I turn towards the room. The door is as I left it. Ajar. I begin walking, my body heavy, somnambulant, as though I'm sleepwalking. I don't want Niker to come with me. But he does, following so close behind me he’s almost treading on my heeds. We pass through the door.

 “Ducks,” I say. A million duck eyes stare at us.

 “I expect Mrs Sorrel told you,” says Niker. “You were discussing home furnishings, then and now, and she told you.”

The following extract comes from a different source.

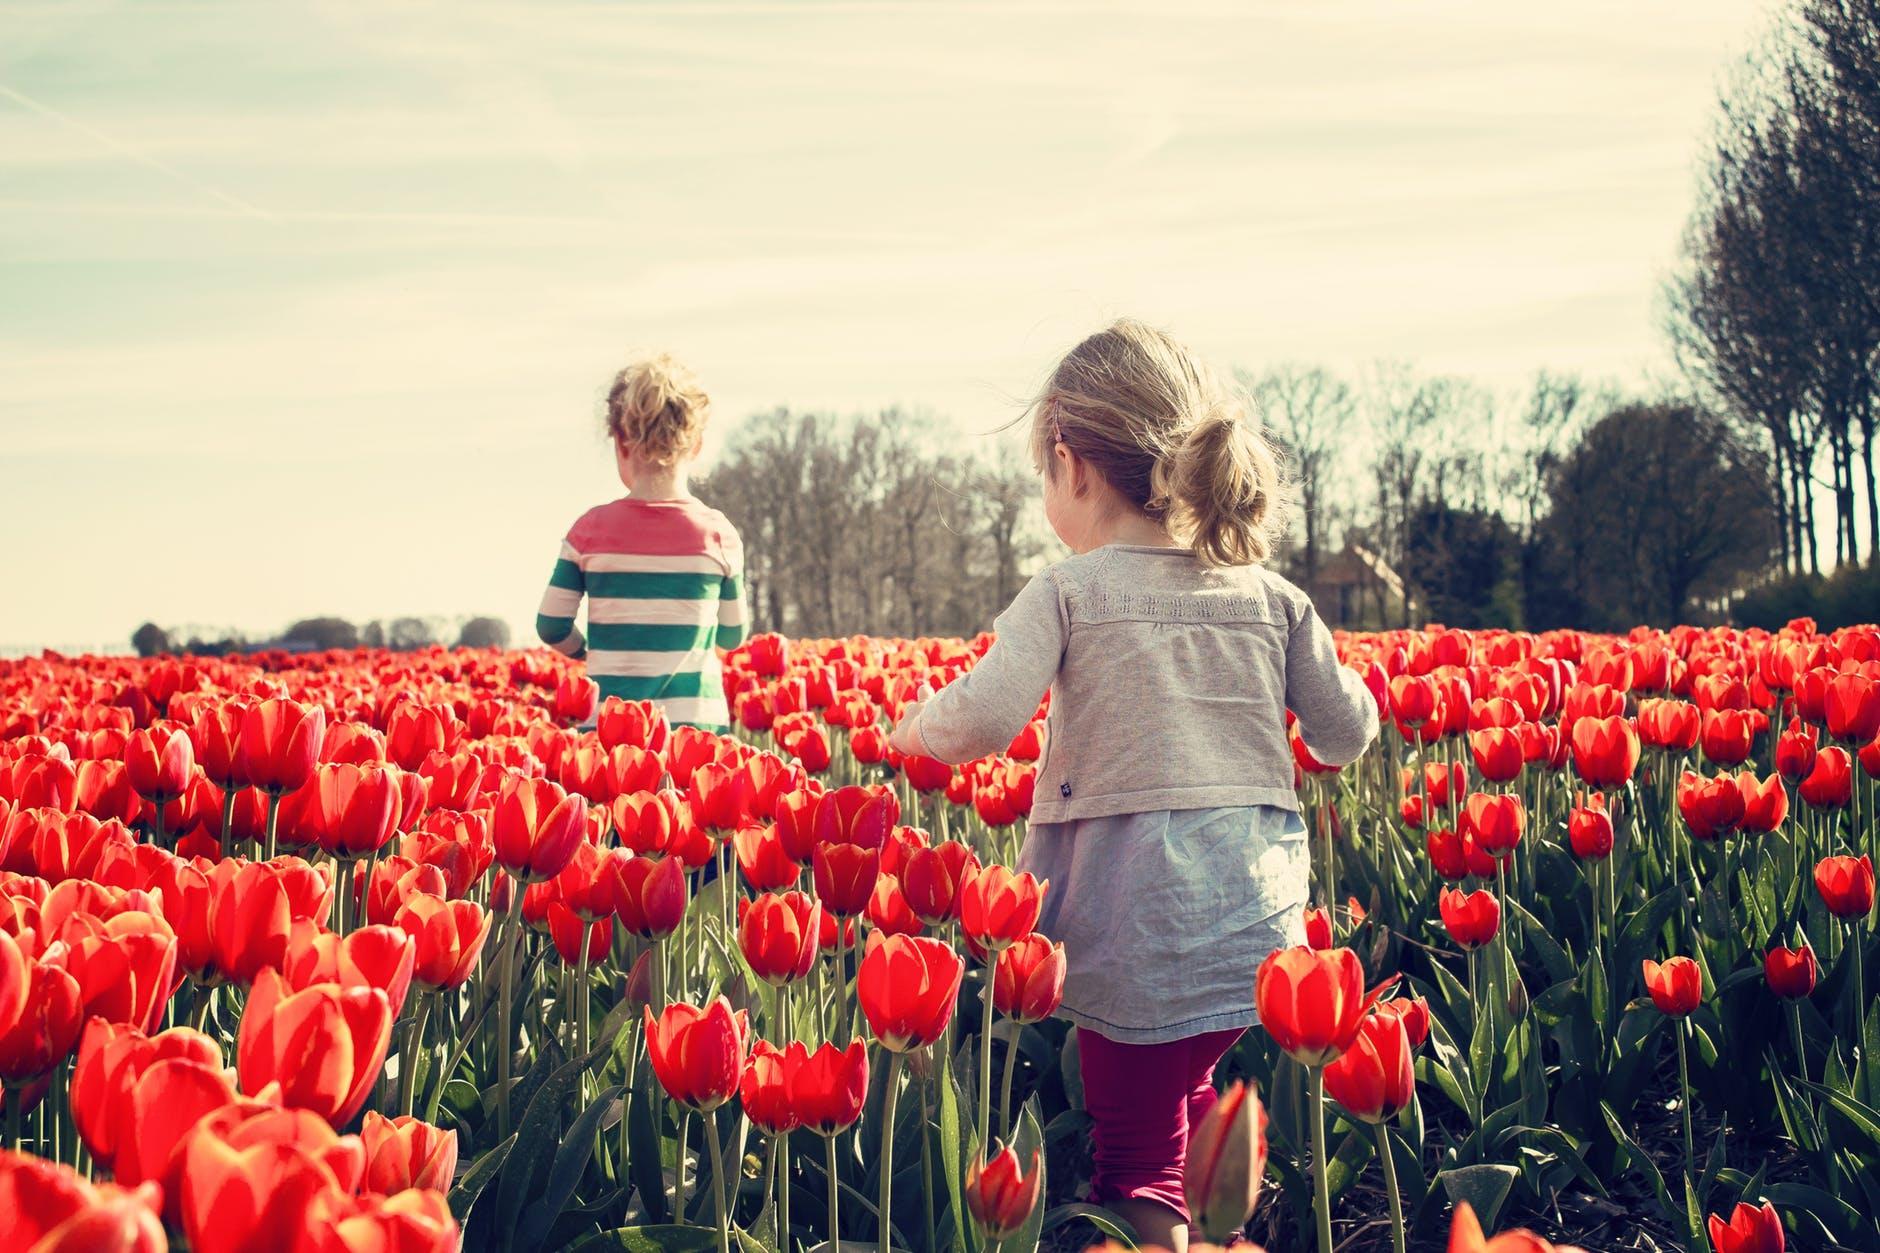 girls-children-tulips-netherlands.jpg

 I don't bother to answer that, because I'm moving towards the window with the star of glass cut from it. I feel quite determined, quite peaceful. I am, after all, the sort of boy who can fly

 “What are you doing?” says Niker suddenly

 “Just want to look out the window.”

 “No,” he says.

 “Yes.”

 “No!” He dodges in front of me.

 “Get out of my way, Niker.”

 “What's wrong with you?”

 “Nothing's wrong with me.”

 “The window's broken. You're three floors up.”

 “I know that, Niker.”

 “What are you going to do?”

 “I told you. I'm going to look out of the window.”

 “That's all?”

 “Yes. That's all.”

 He moves aside, but not so far that he couldn't grab me if he wanted to.

 There is light coming through the window. The clouds have cleared. There are stars again. Hundreds of millions of stars. And also a moon. A huge silver disc hung in the sky like some giant coin. It’s so beautiful, so perfect, that I want to reach through the hole in the glass and touch it. And I will. But not yet. Not with Niker here.

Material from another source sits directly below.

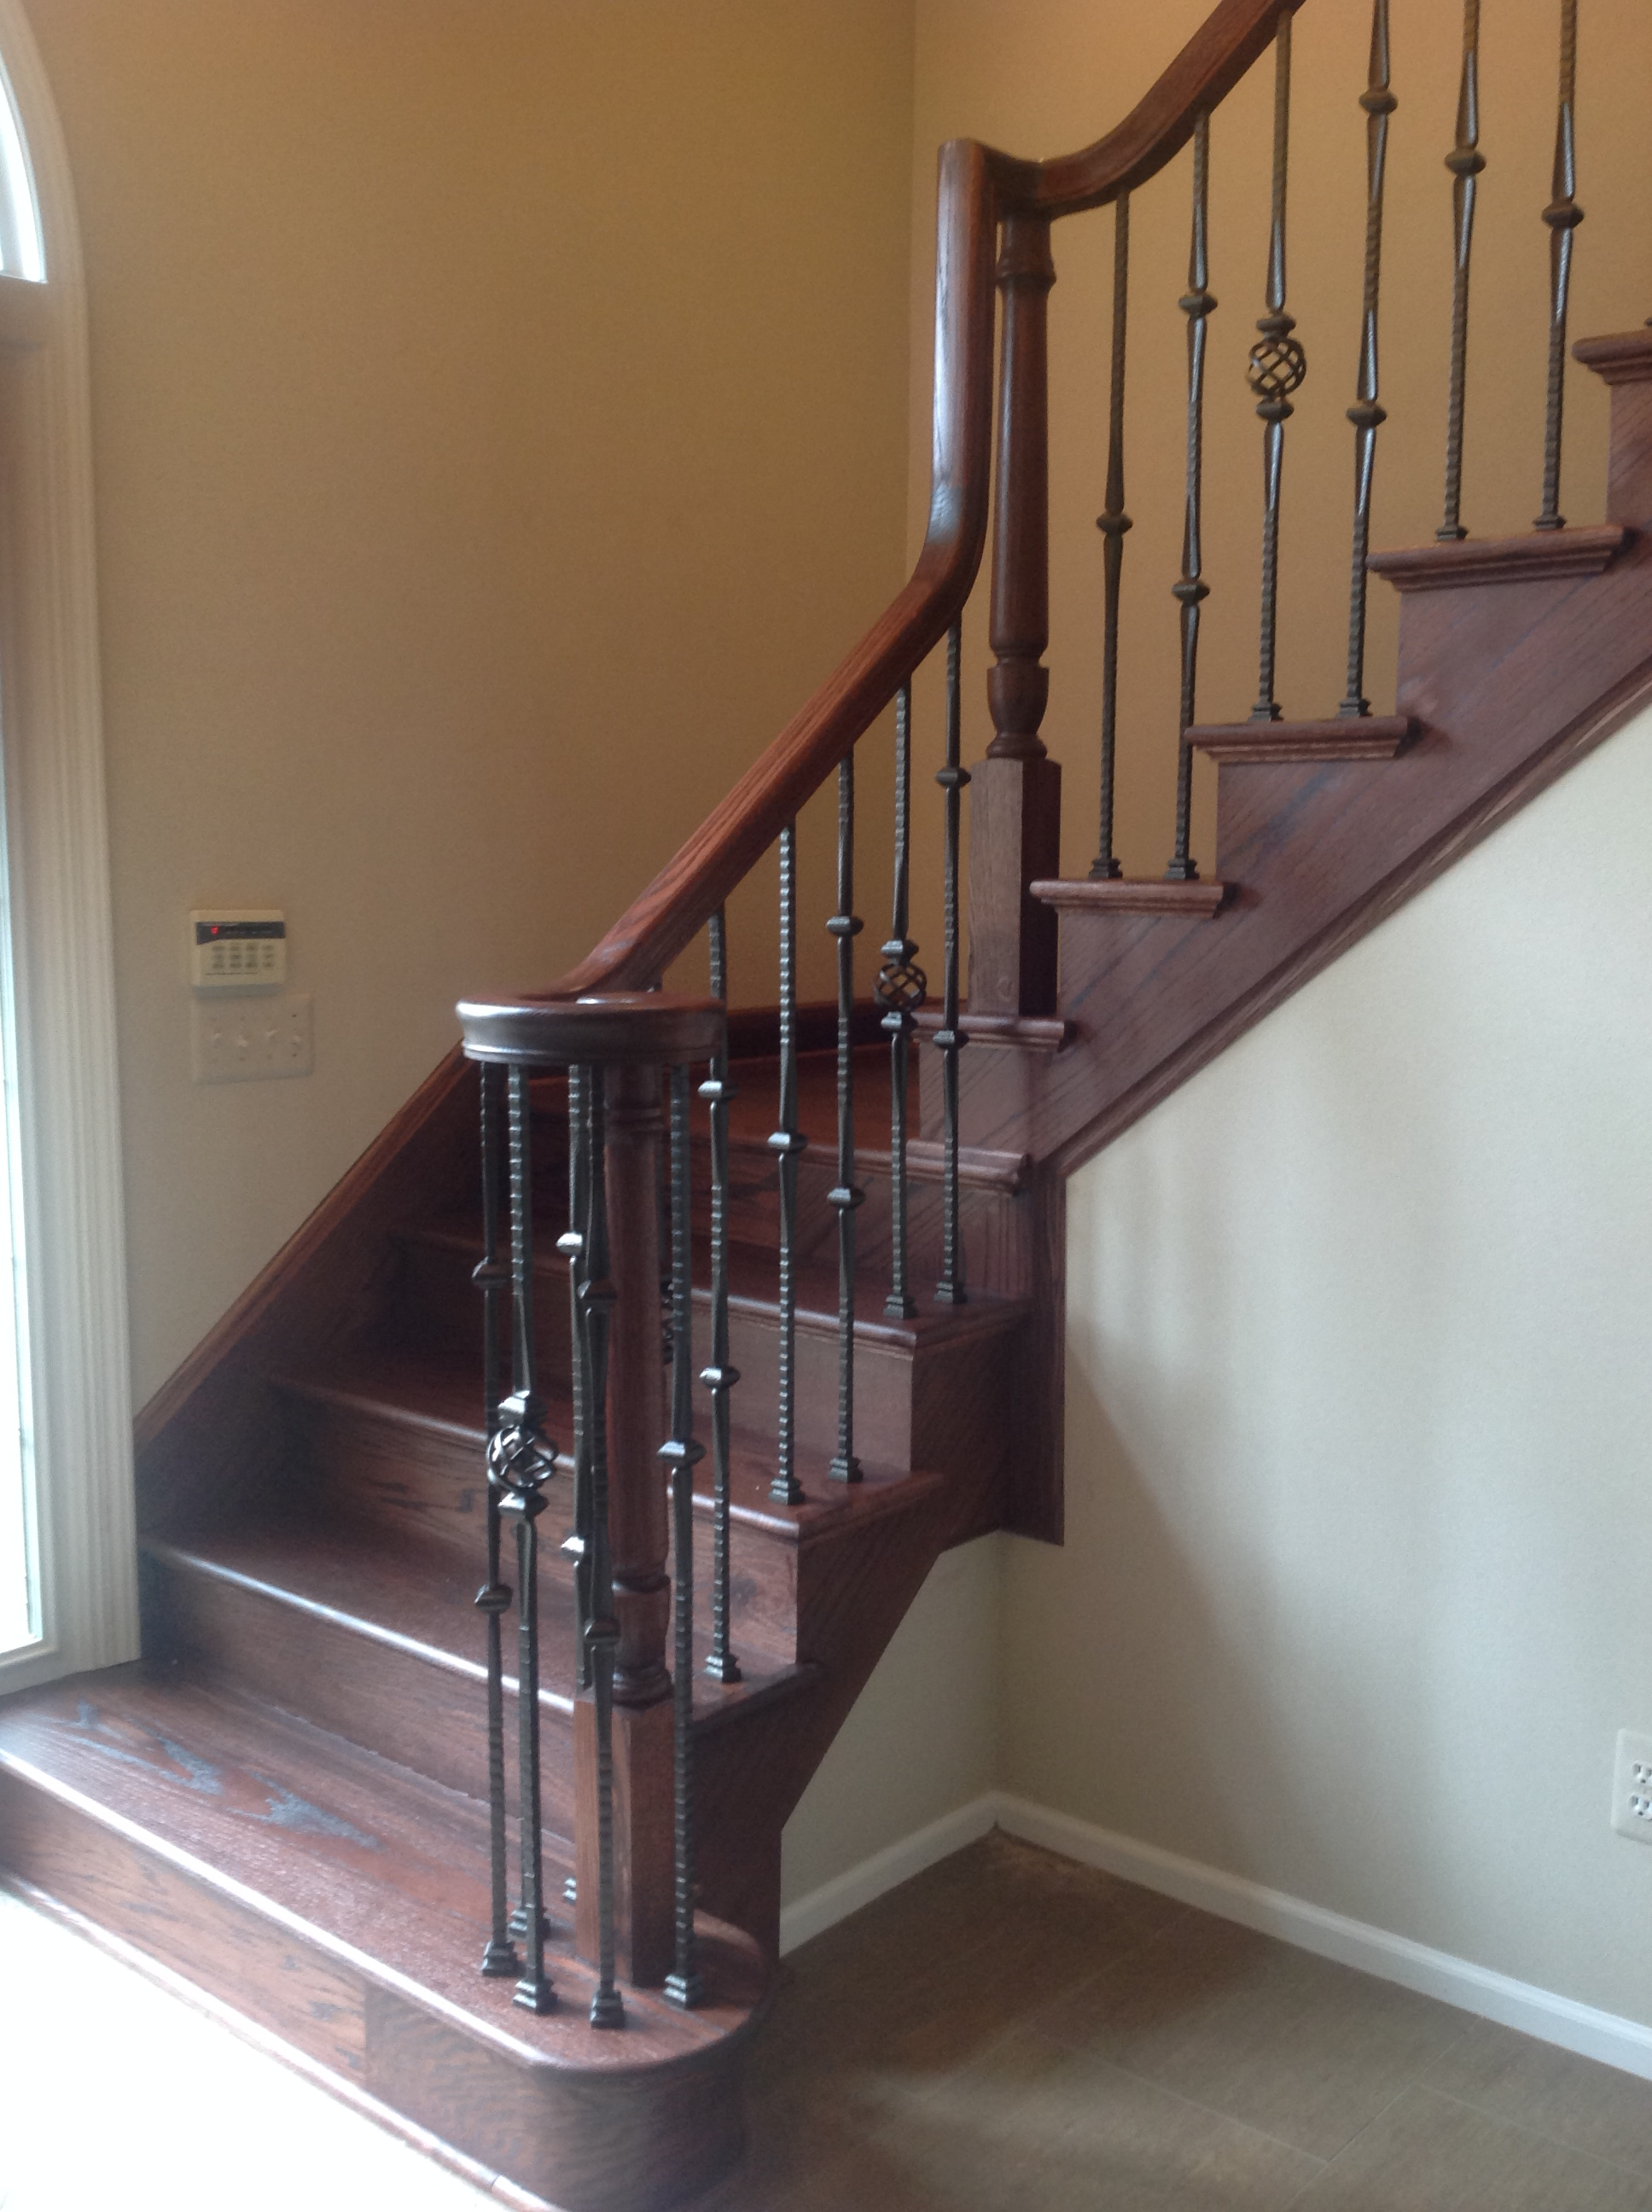 Stair pics 012.JPG

 I turn around, take off my backpack and make a show of searching for a clean space at the back of the room on which to lay my sleeping bag. “Hey - looks like you've got the best deal with that mattress,” I say. He watches me arrange things, take out the packet of plain crisps, the bottle of water.

 “I think it would be better if we stuck together,” he says.

 “Thanks,” I say “But no thanks. If you want crisps…”

 “No.”

 “See you in the morning then,” I say cheerily

 “I'm not letting you sleep in here by yourself.”

 “You mean you don't want to sleep in there by yourself.”

 “No, I don't mean that.”

 “What do you mean then?”

 “I just don't think you should sleep in here.”

 “Why? Because of David Sorrel?”

 “Maybe.”

 “What are you afraid of, Niker?”

 “Me? I'm not afraid of anything.”

 “Well, push off then.” I begin to remove my donkey jacket. “Nightie, night, Niker. Oh - and shut the door, will you?”

 Grudgingly, he retreats. “I’ll be listening,” he says. “If you go anywhere near that window…”

 “Yes. Yes.”

 He doesn't shut the door, but the configuration of the rooms is such that, I know, even with both doors wide open, he will not be able to see the star hole window.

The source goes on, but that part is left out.